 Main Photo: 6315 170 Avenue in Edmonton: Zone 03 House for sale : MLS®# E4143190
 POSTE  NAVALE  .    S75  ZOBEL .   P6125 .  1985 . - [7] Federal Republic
====
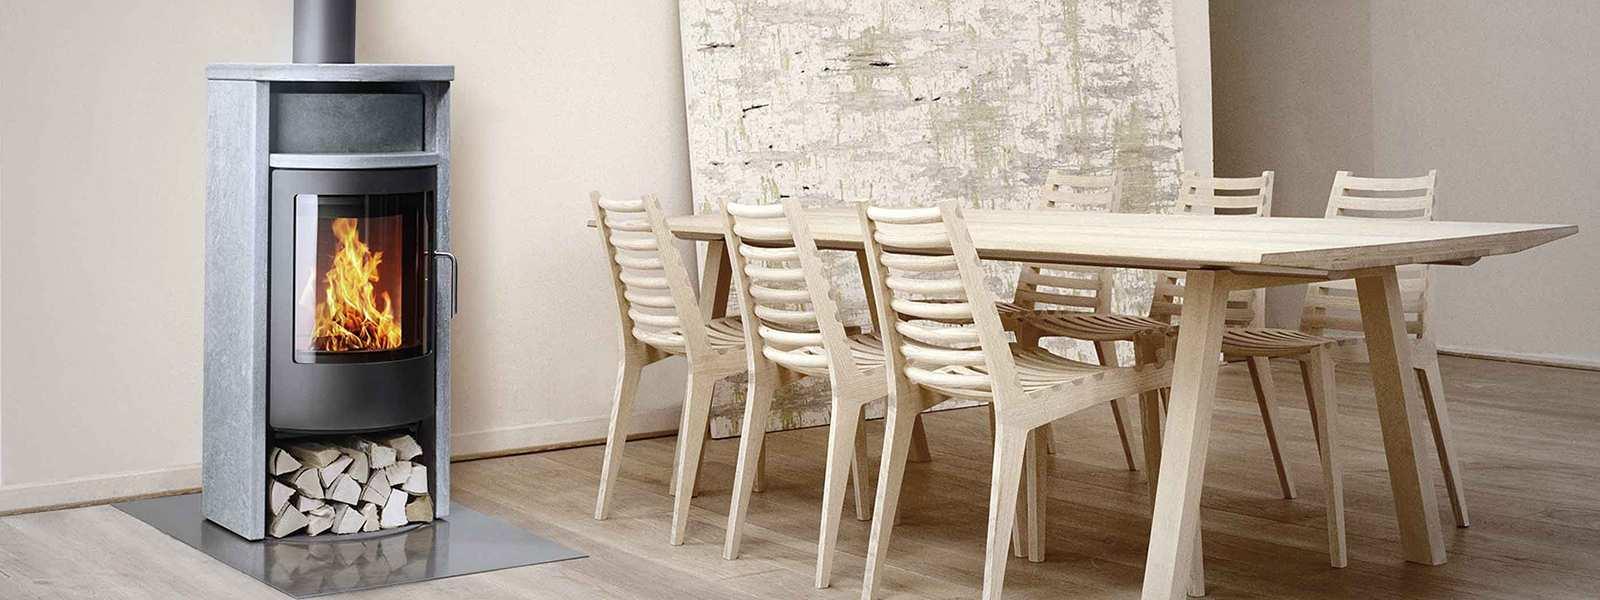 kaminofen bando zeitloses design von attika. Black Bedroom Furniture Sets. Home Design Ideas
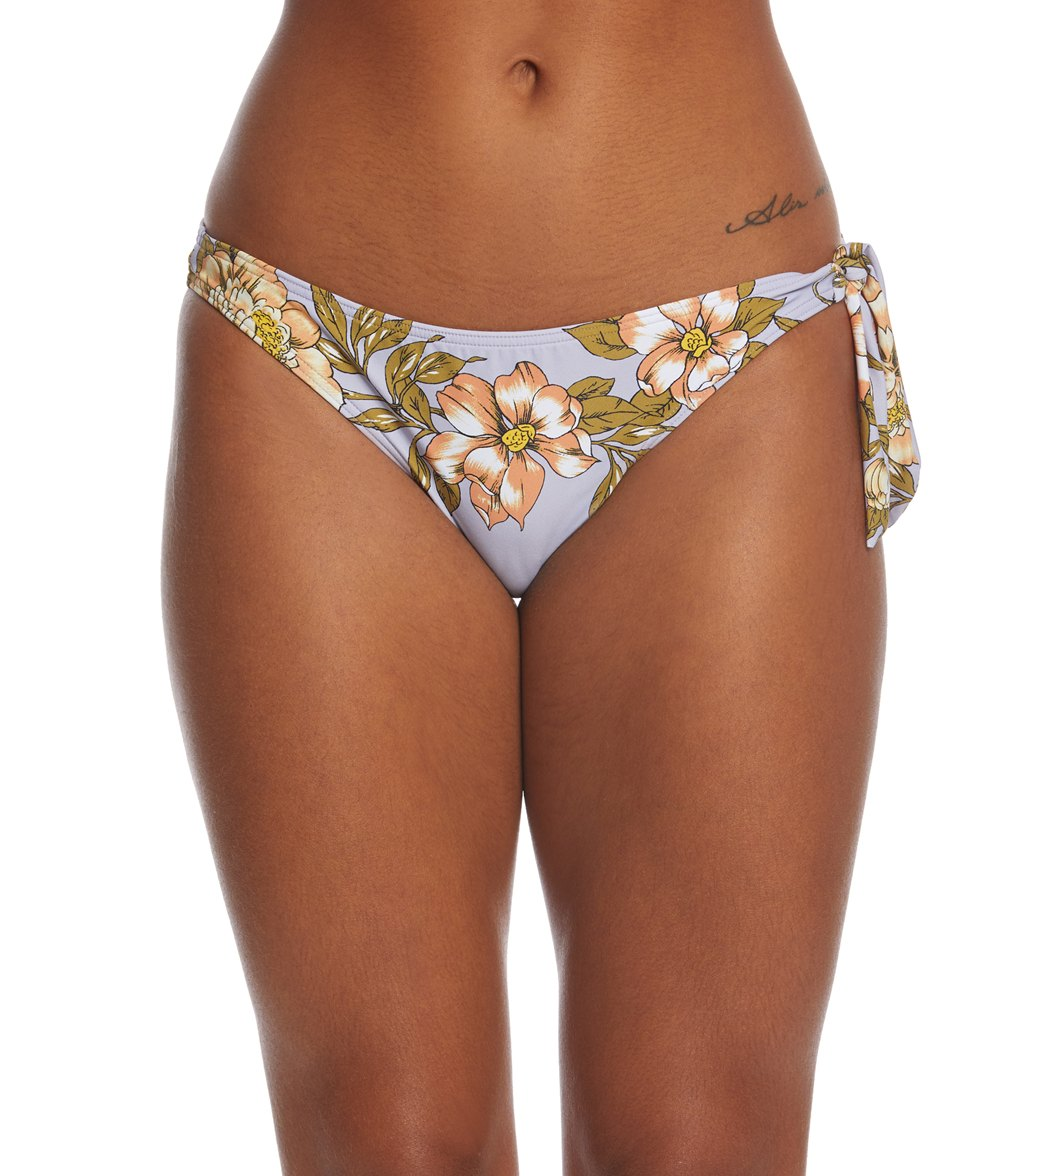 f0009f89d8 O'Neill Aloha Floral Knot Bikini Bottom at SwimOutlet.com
====
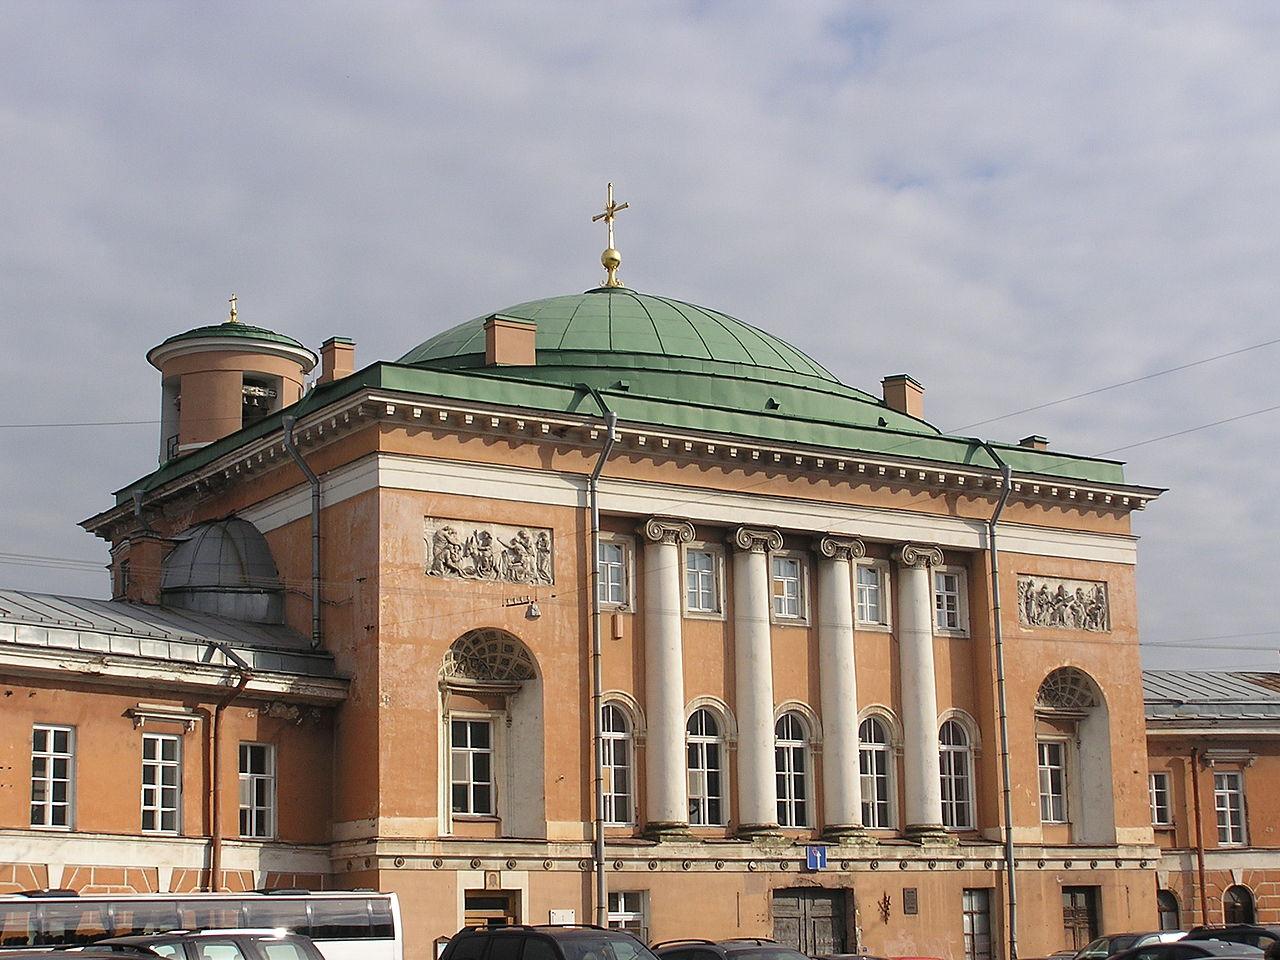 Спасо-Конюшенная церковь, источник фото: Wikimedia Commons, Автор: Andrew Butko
====
All that is wanted is a faithful reproduction of the line above with "Main Photo: 6315", the line with "[7] Federal Republic", and every line in between.

 Main Photo: 6315 170 Avenue in Edmonton: Zone 03 House for sale : MLS®# E4143190
 POSTE  NAVALE  .    S75  ZOBEL .   P6125 .  1985 . - [7] Federal Republic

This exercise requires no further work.